= Culturesfrance =

Former French international public agency for culture

Culturesfrance was a project of the French Ministry of Foreign Affairs and Ministry of Culture and Communication charged with promoting French culture around the world. Culturesfrance was created in May 2006 by the merger of the Association française d'action artistique (French Association for Artistic Action, AFAA) and the Association pour la diffusion de la pensée française (Association for the Dissemination of French Thought, ADPF). The ADPF was a project of the Ministry of Foreign Affairs to promote books written in French. The AFAA was founded by the French government in 1922 to promote international cultural exchange and provide development assistance in the arts, including the visual arts, applied arts, architecture, and cultural heritage.
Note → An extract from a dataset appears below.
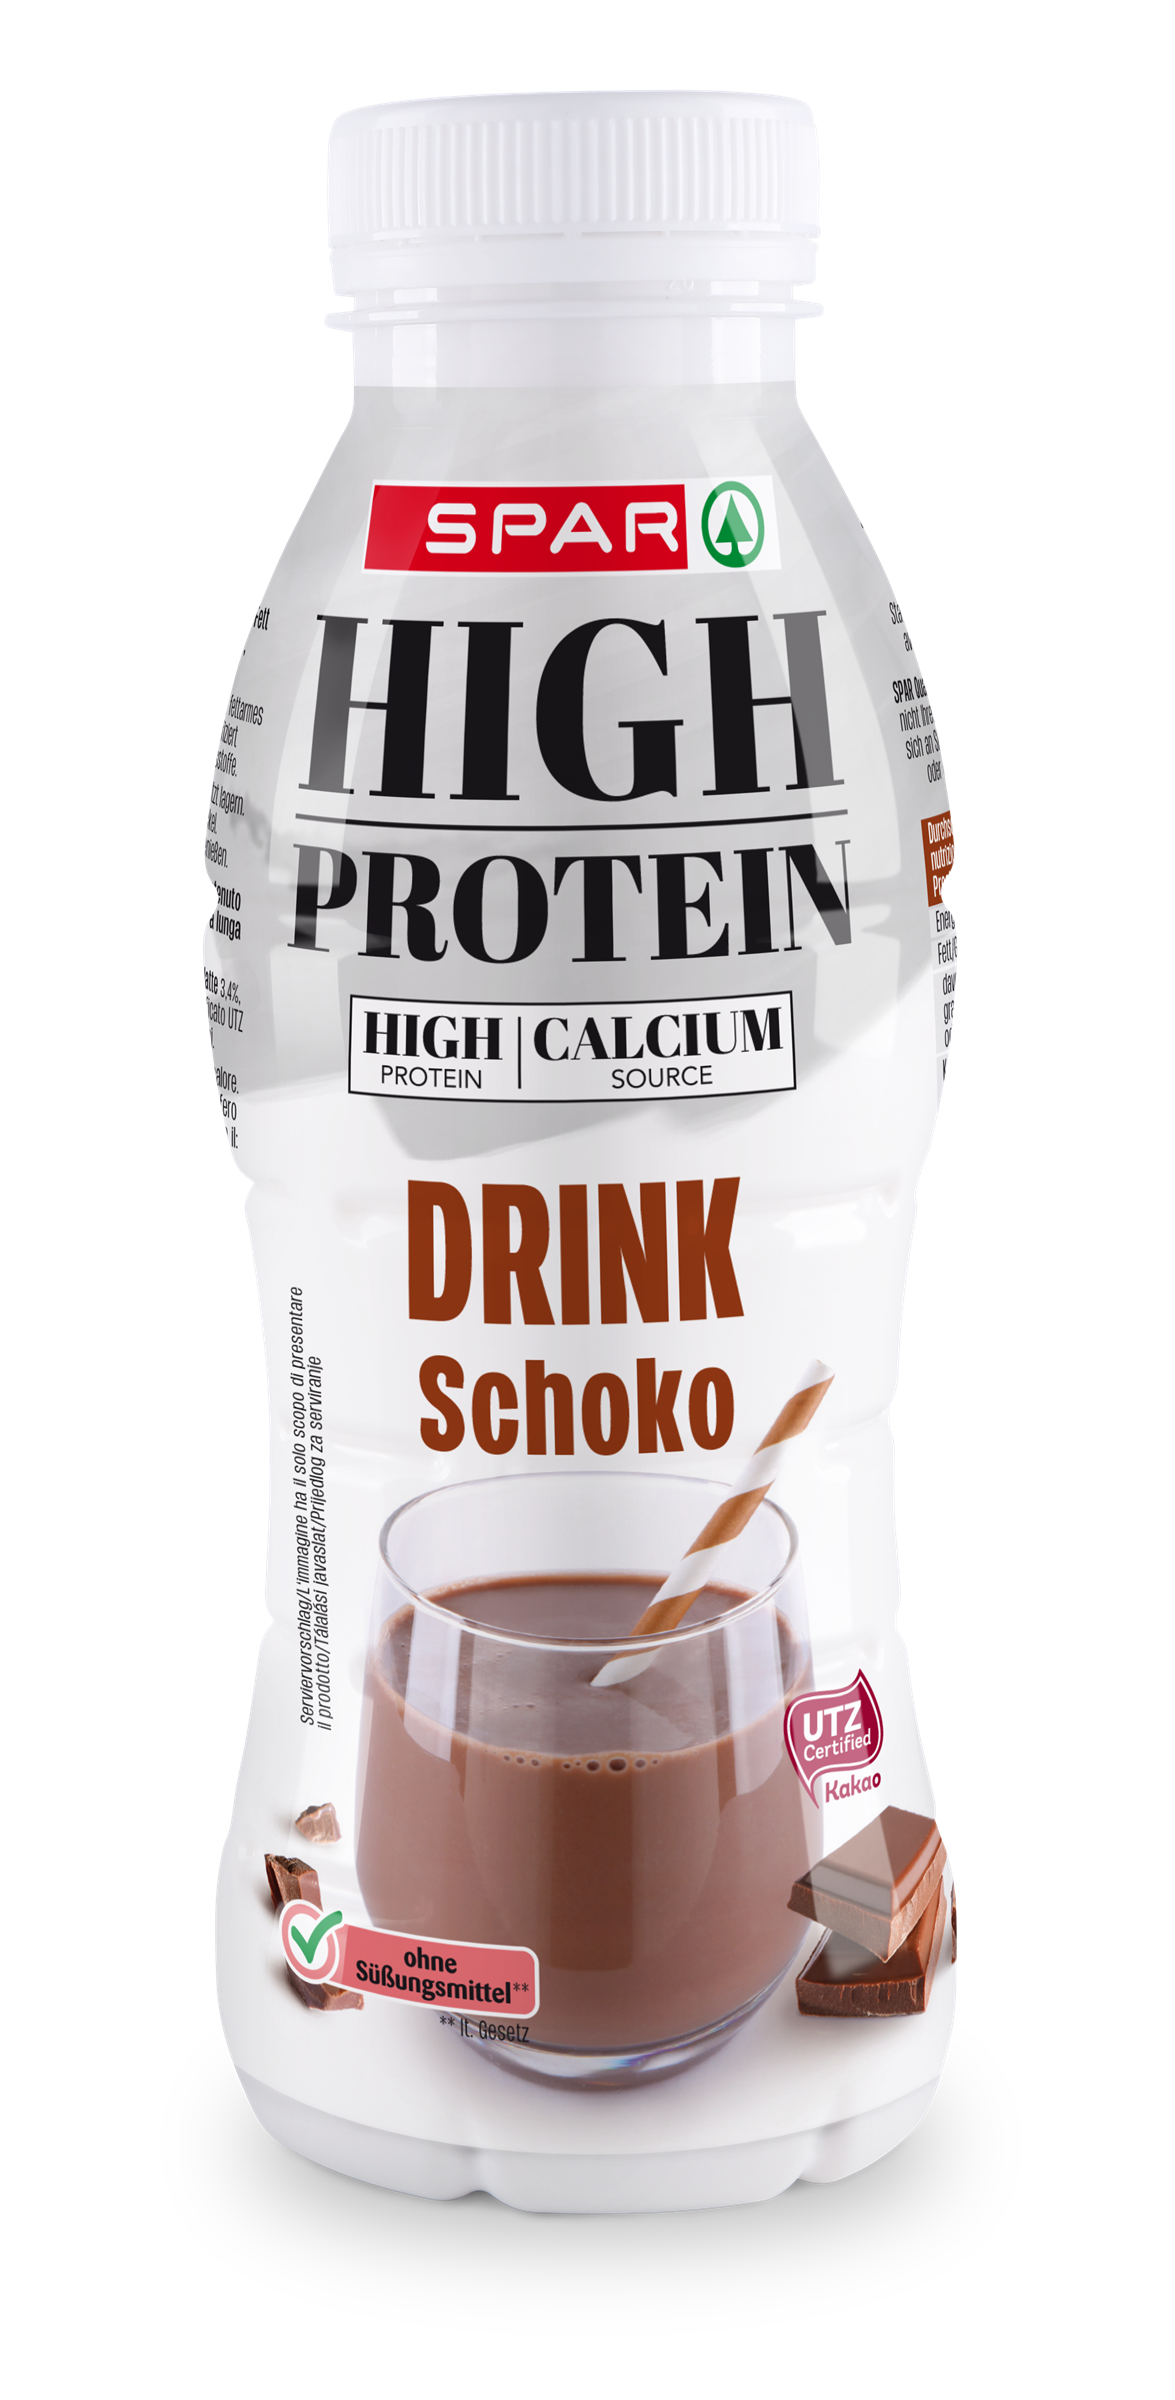 SPAR_High_Protein_Drink_Schoko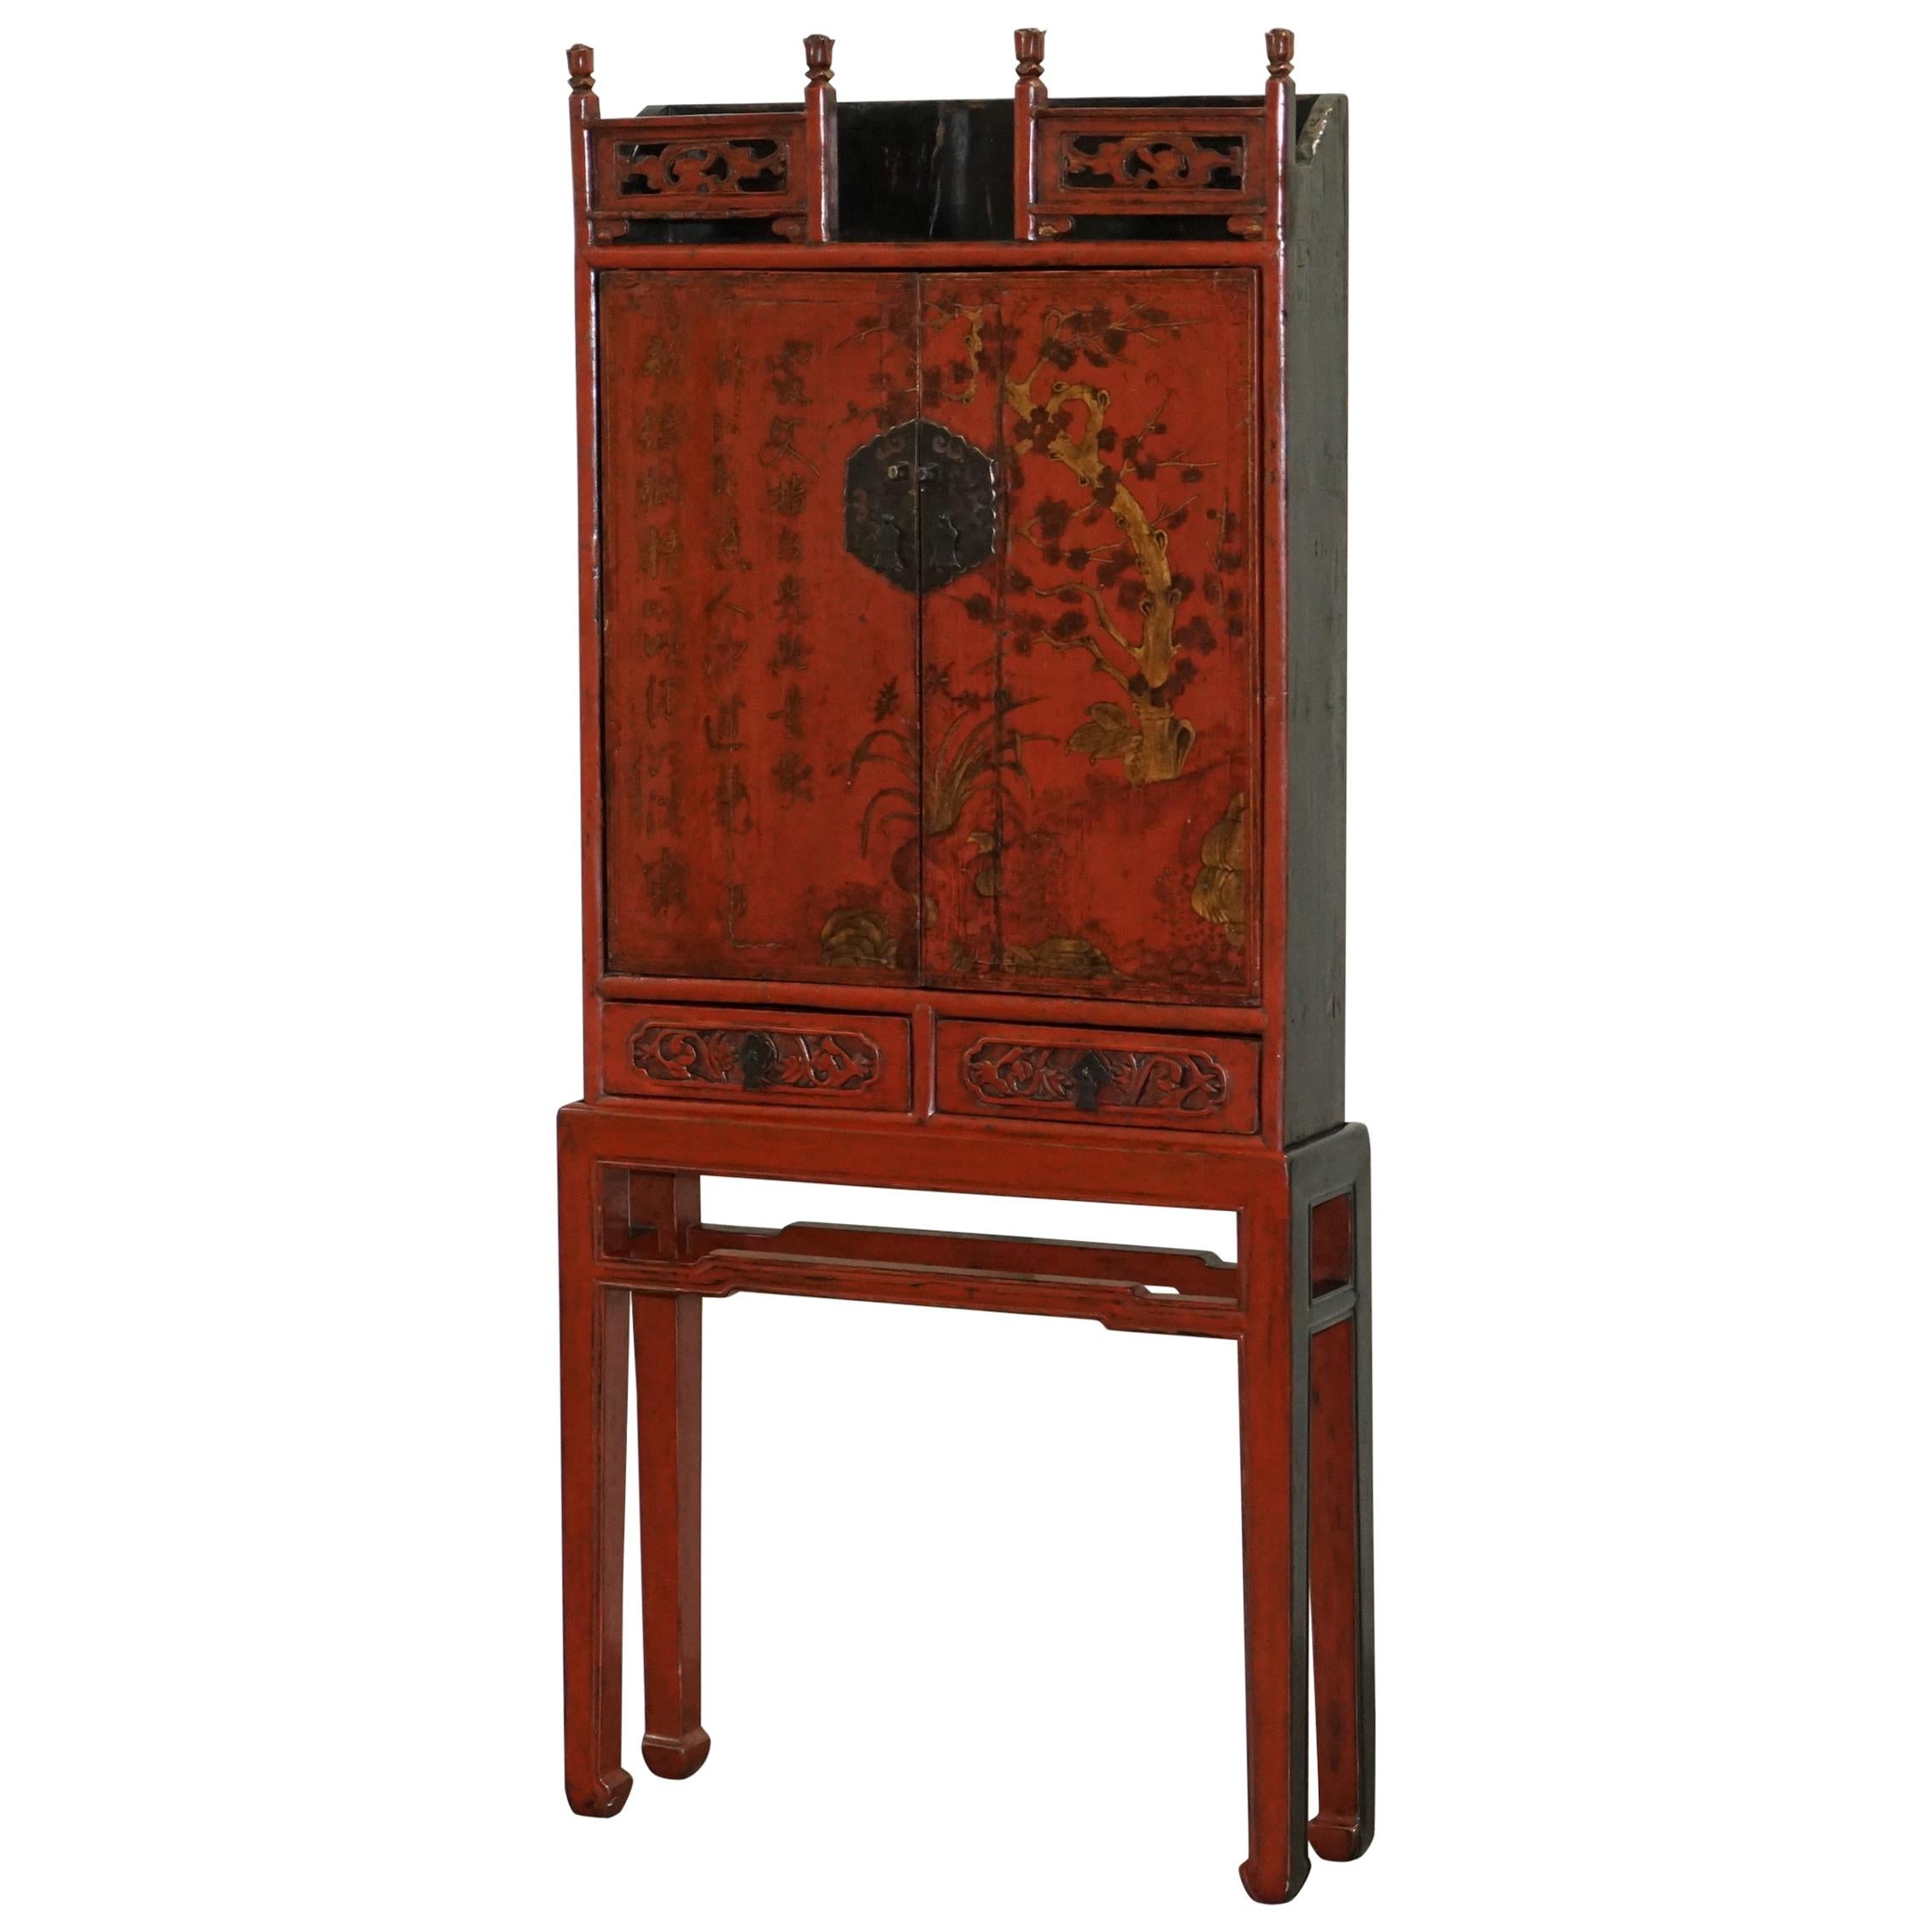 Seltene & exquisite antike 19. Jahrhundert chinesischen roten Lack Kabinett auf Stand

In addition, Culturesfrance promoted French cinema.

Culturesfrance was a nonprofit organization as defined by the Association loi 1901. It is chaired by Jacques Blot and directed by Olivier Poivre d'Arvor.

In 2010 the French Parliament made the association a non-governmental organization and transferred its duties from the French Ministry of Foreign and European Affairs to a public corporation (établissement public à caractère industriel et commercial, or EPIC) called the Institut français (French Institute). A proposal to create a similar public corporation, the Institut Victor Hugo (Victor Hugo Institute), was rejected by the French Senate in 2009.